Сектанты не жалеют сил и времени, чтобы преподнести в розовом свете свои собственные достоинства. Помню одну из бесед Мачульской. Она всегда любила поговорить о высокой «нравственности» членов общины, чтобы подчеркнуть их отличие от всех остальных людей. Мир, говорила она, наполнен злом, только божьи дети носят в сердце своем любовь.
Любовь! Нет такой проповеди, беседы или моления, в которых бы сектанты десятки раз не повторяли и не склоняли по всем падежам это дорогое для человека слово. «Бог есть любовь» — эту строку евангелия вы встретите на стене в любом сектантском молельном доме.
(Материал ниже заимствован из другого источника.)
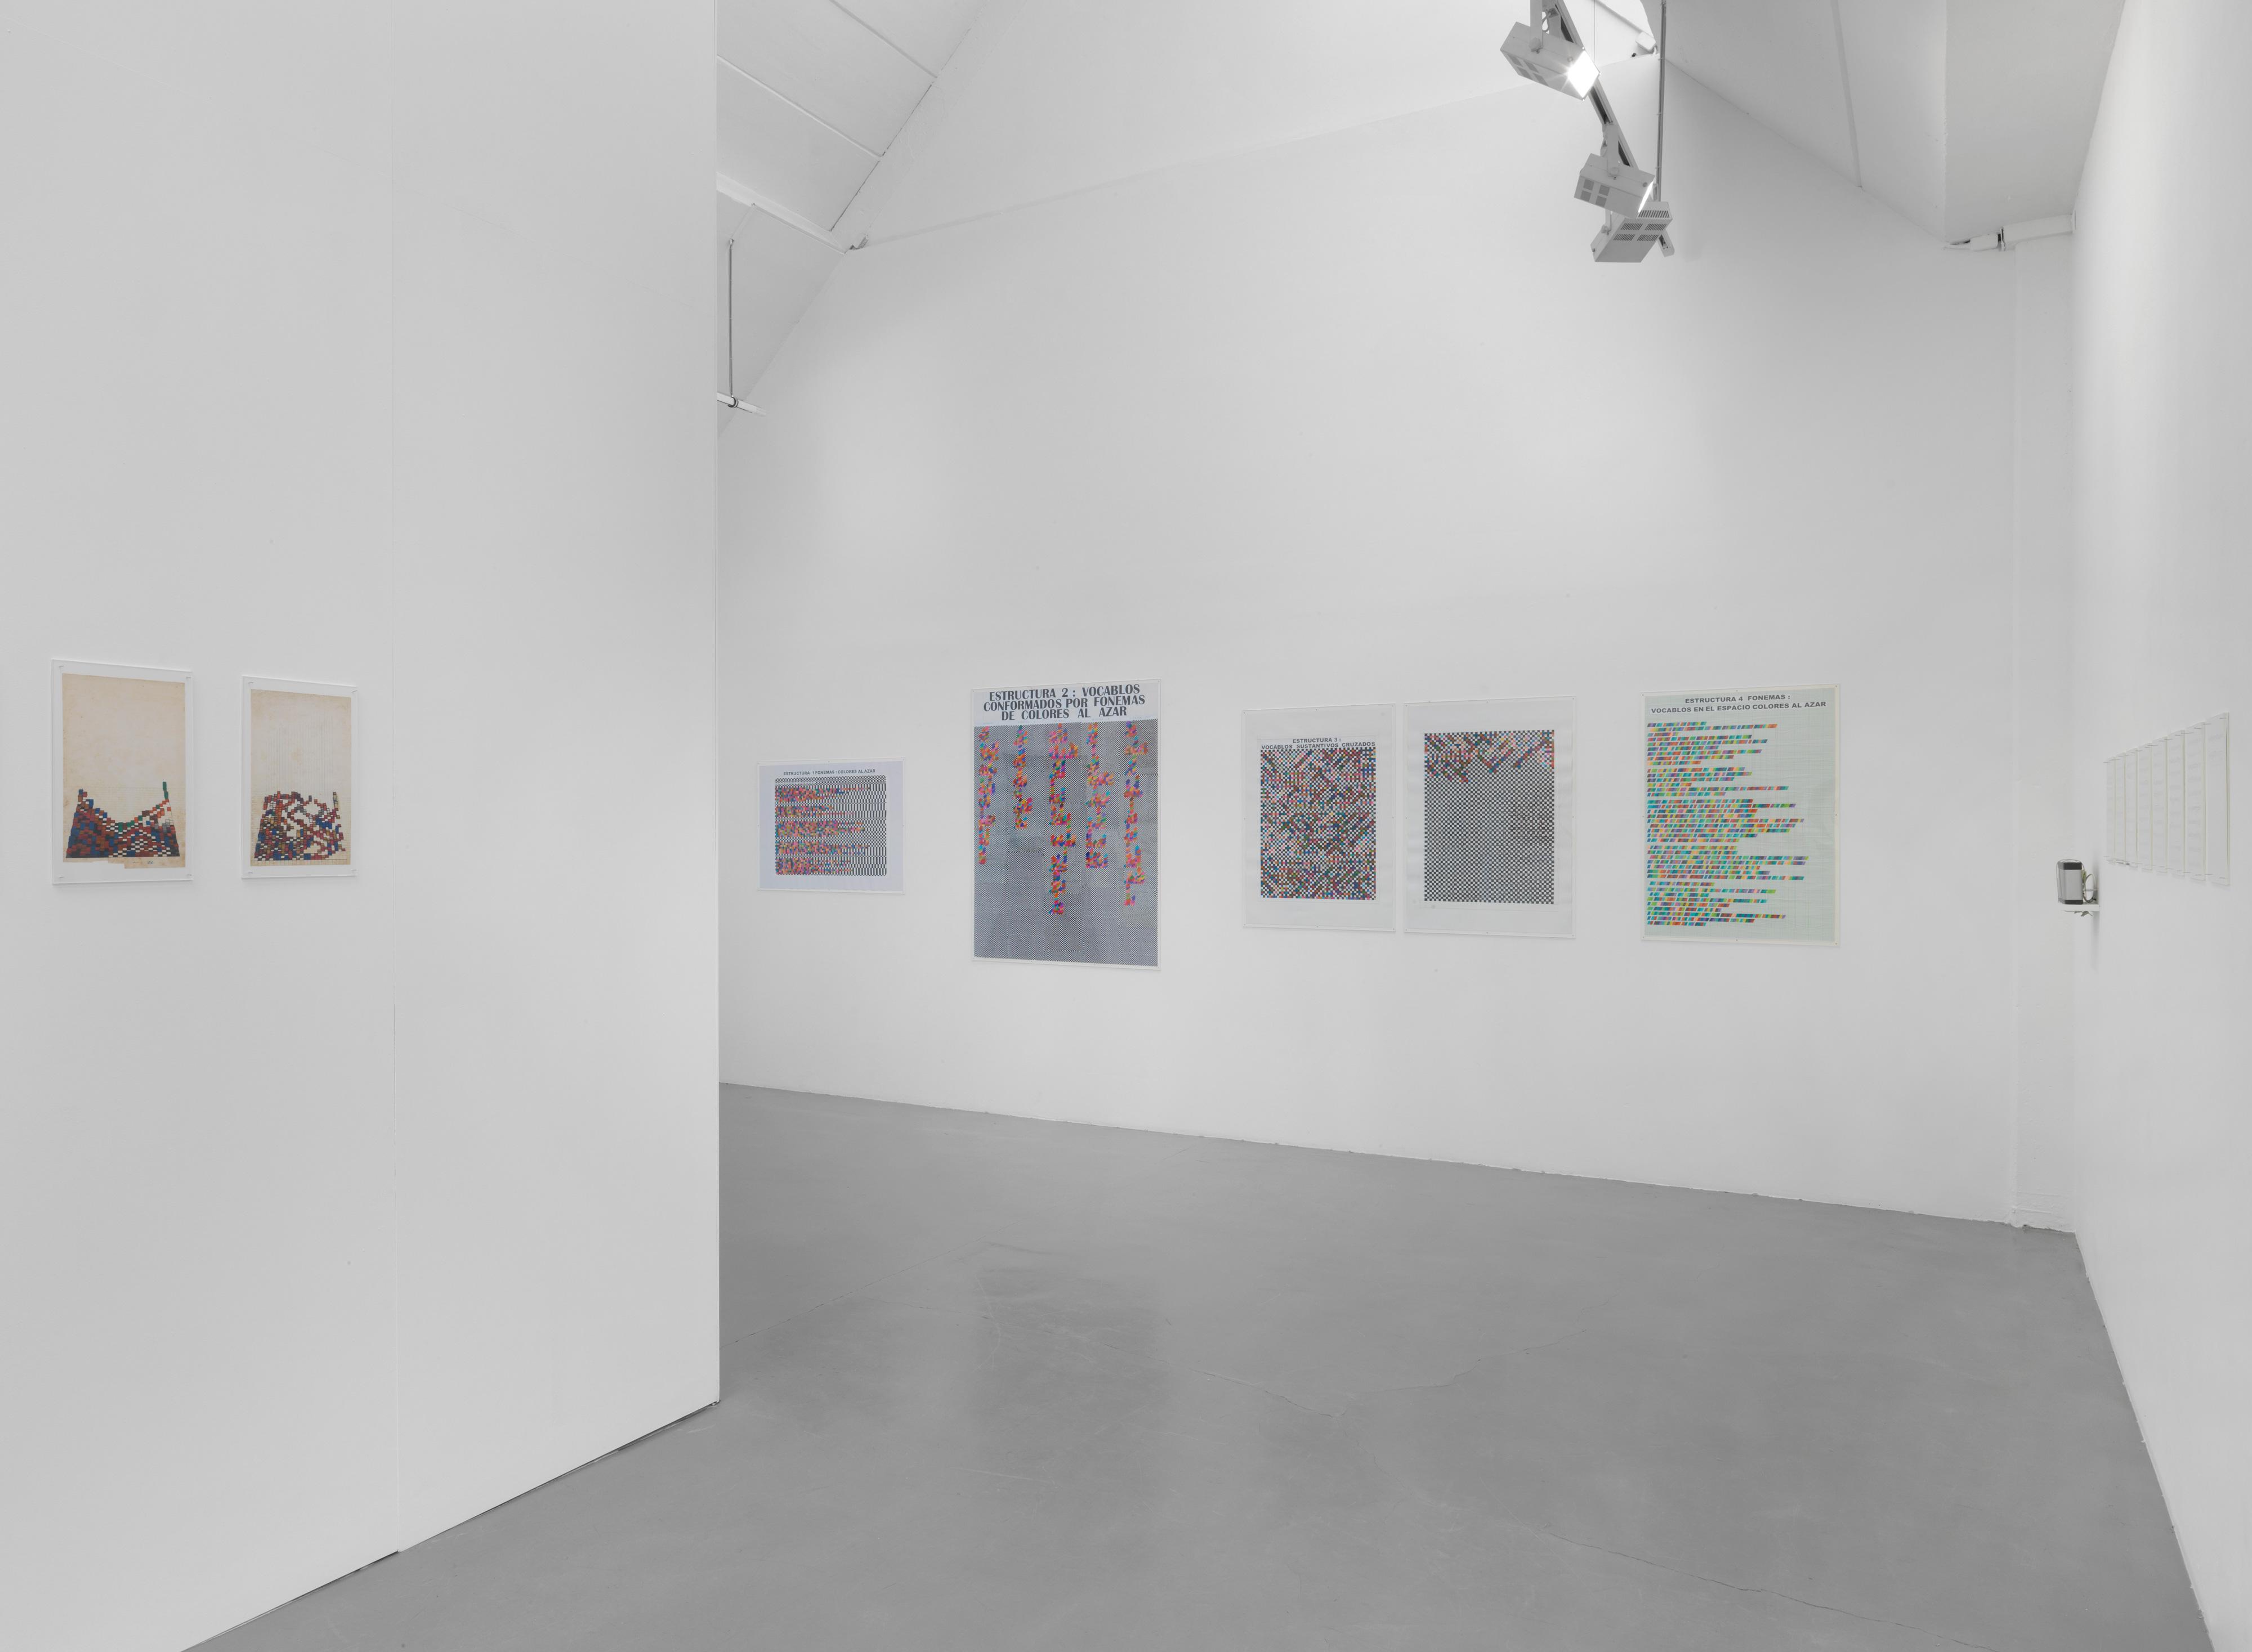 Galerie Barbara Thumm \ Teresa Burga – Conceptual Installations of the Seventies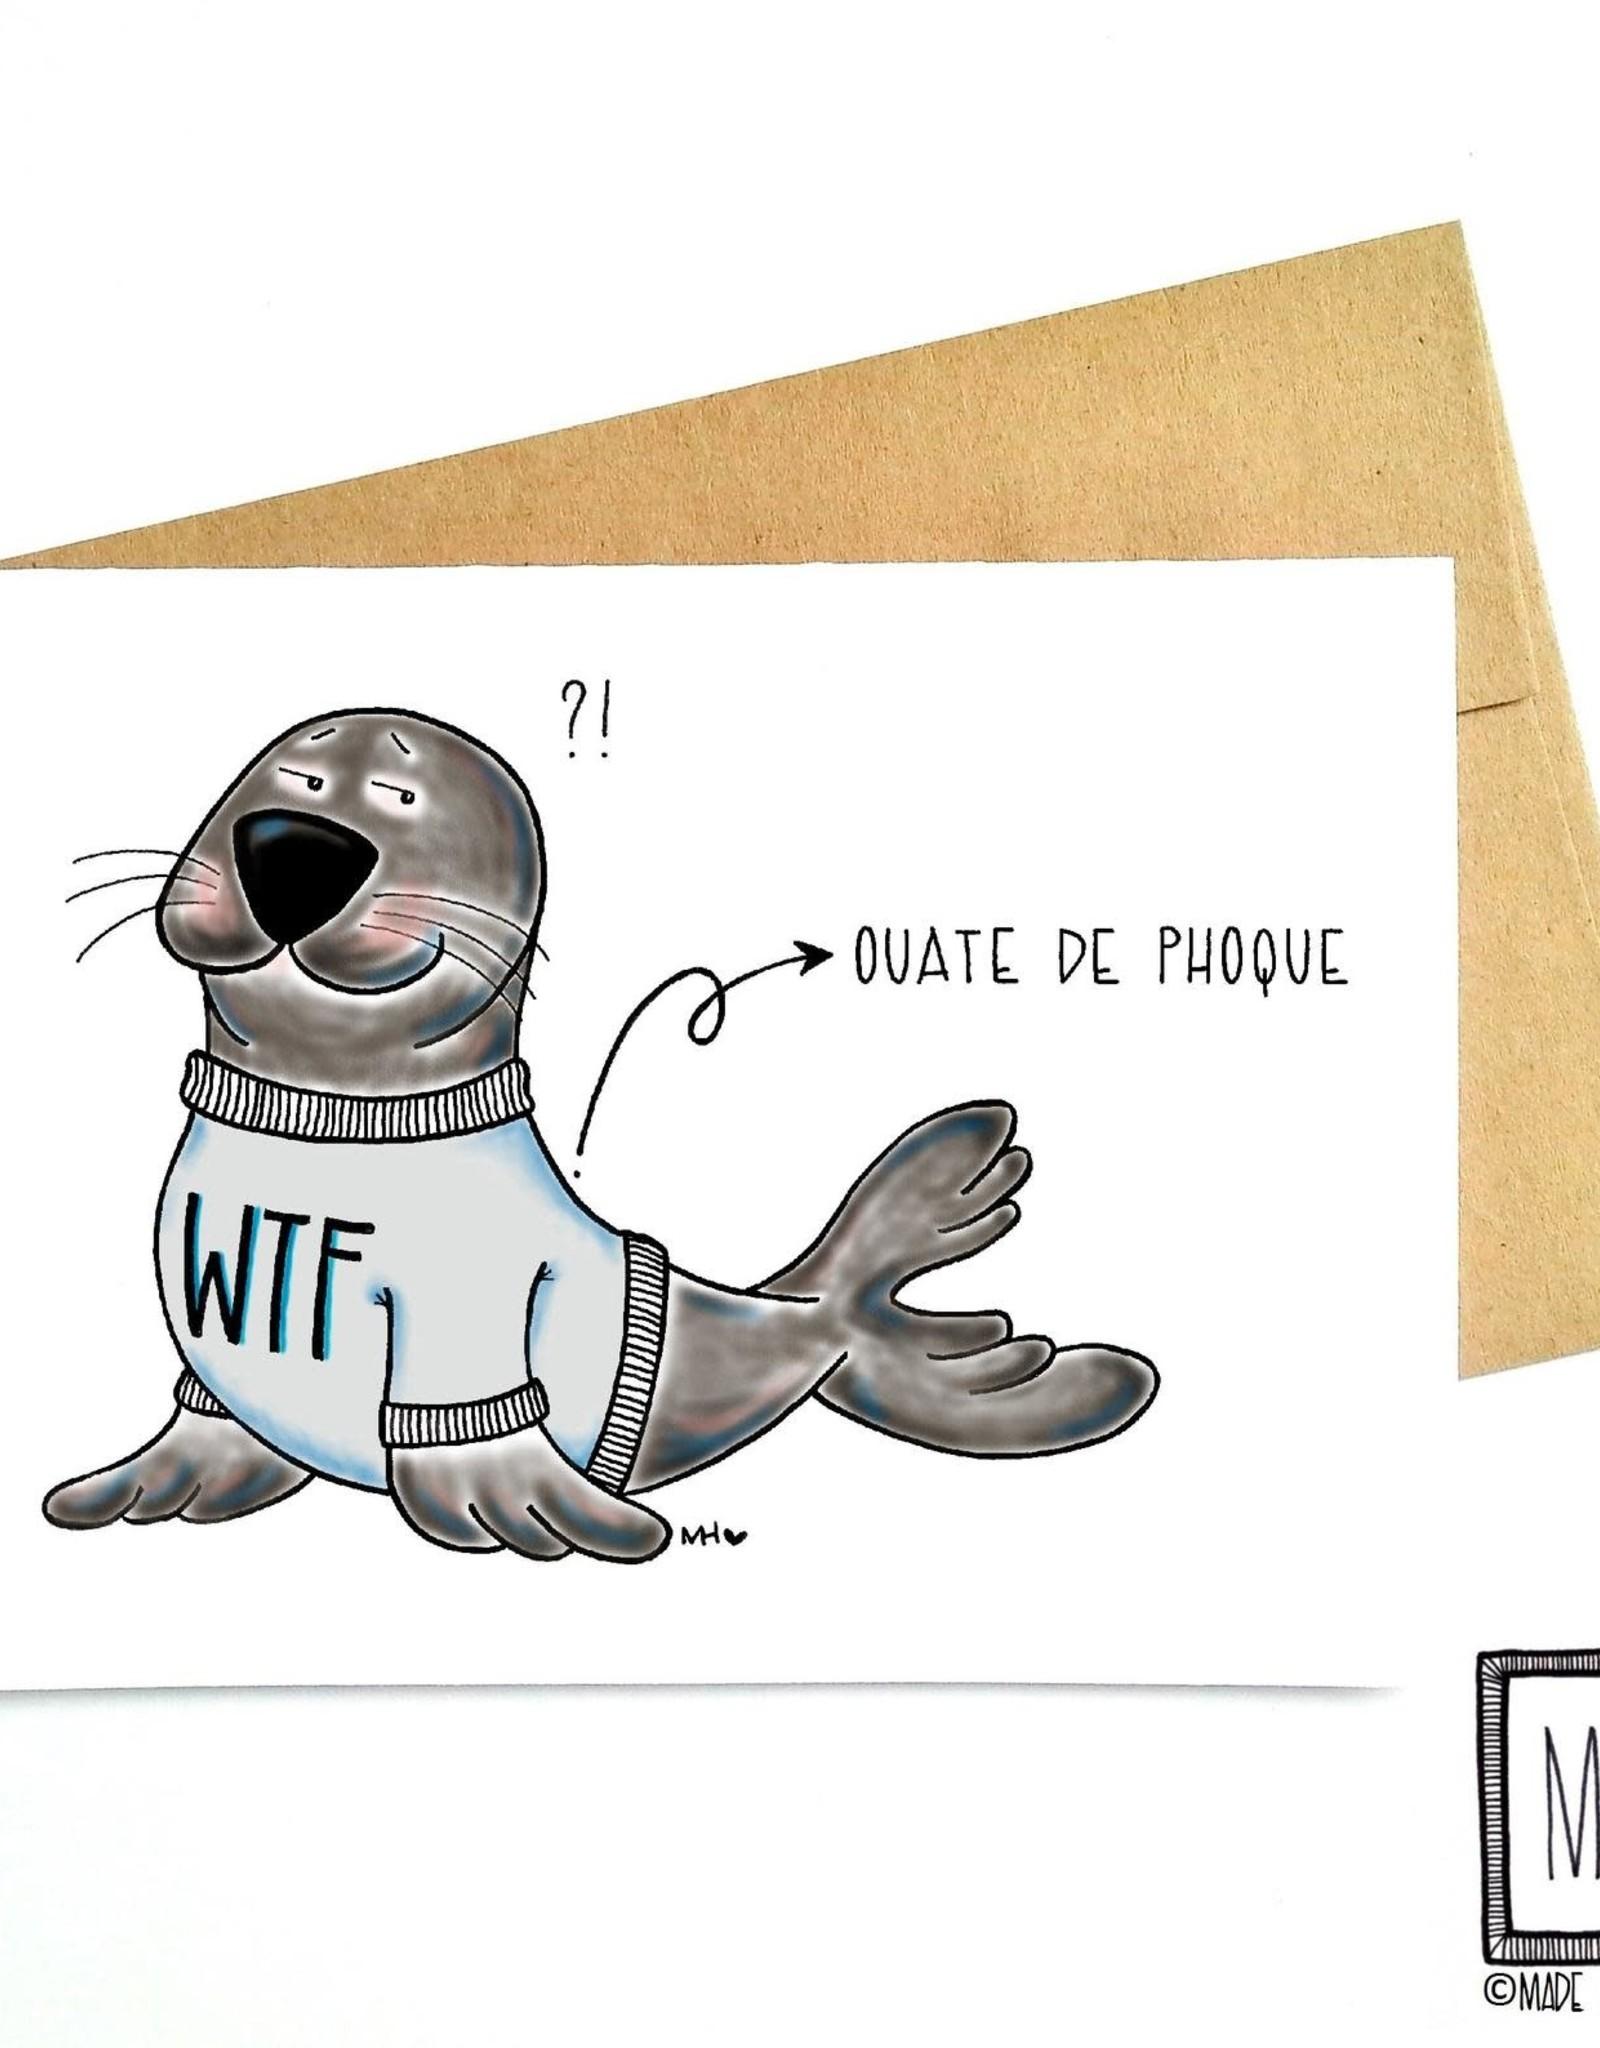 Made in Happy Carte de souhait - Ouate de phoque

В юности я просто-напросто верил Мачульской, Буту и другим «наставникам», окружавшим меня. Но вот однажды я усомнился в библии. Я подчеркнул слова Иисуса Христа: «Любите врагов ваших, благотворите ненавидящим вас»[4]. И задумался: «Как же это так? Если, предположим, на твою Родину напали враги, то с ними нужно не бороться, а благотворить им?.. Да, наверное, в этом есть истина и великая цель человеческой жизни.
Читаю дальше. «Думаете ли вы, что я пришел дать мир земле? Нет, говорю вам, но разделение; ибо отныне пятеро в одном доме станут разделяться: трое против двух и двое против трех»[5].
Ничего не понимаю! В первом случае речь идет о всеобщей любви и прощении. А здесь всемогущий бог выступает сторонником распрей. Как же это так?
Переворачиваю еще страницу, потом еще одну. «Если кто приходит ко мне и не возненавидит отца своего и матери, и жены и детей, и братьев и сестер, а притом и самой жизни своей, тот не может быть моим учеником»[6]. Тут я совсем растерялся. Значит, бог не всемилостив? Он требует ненависти, а не любви?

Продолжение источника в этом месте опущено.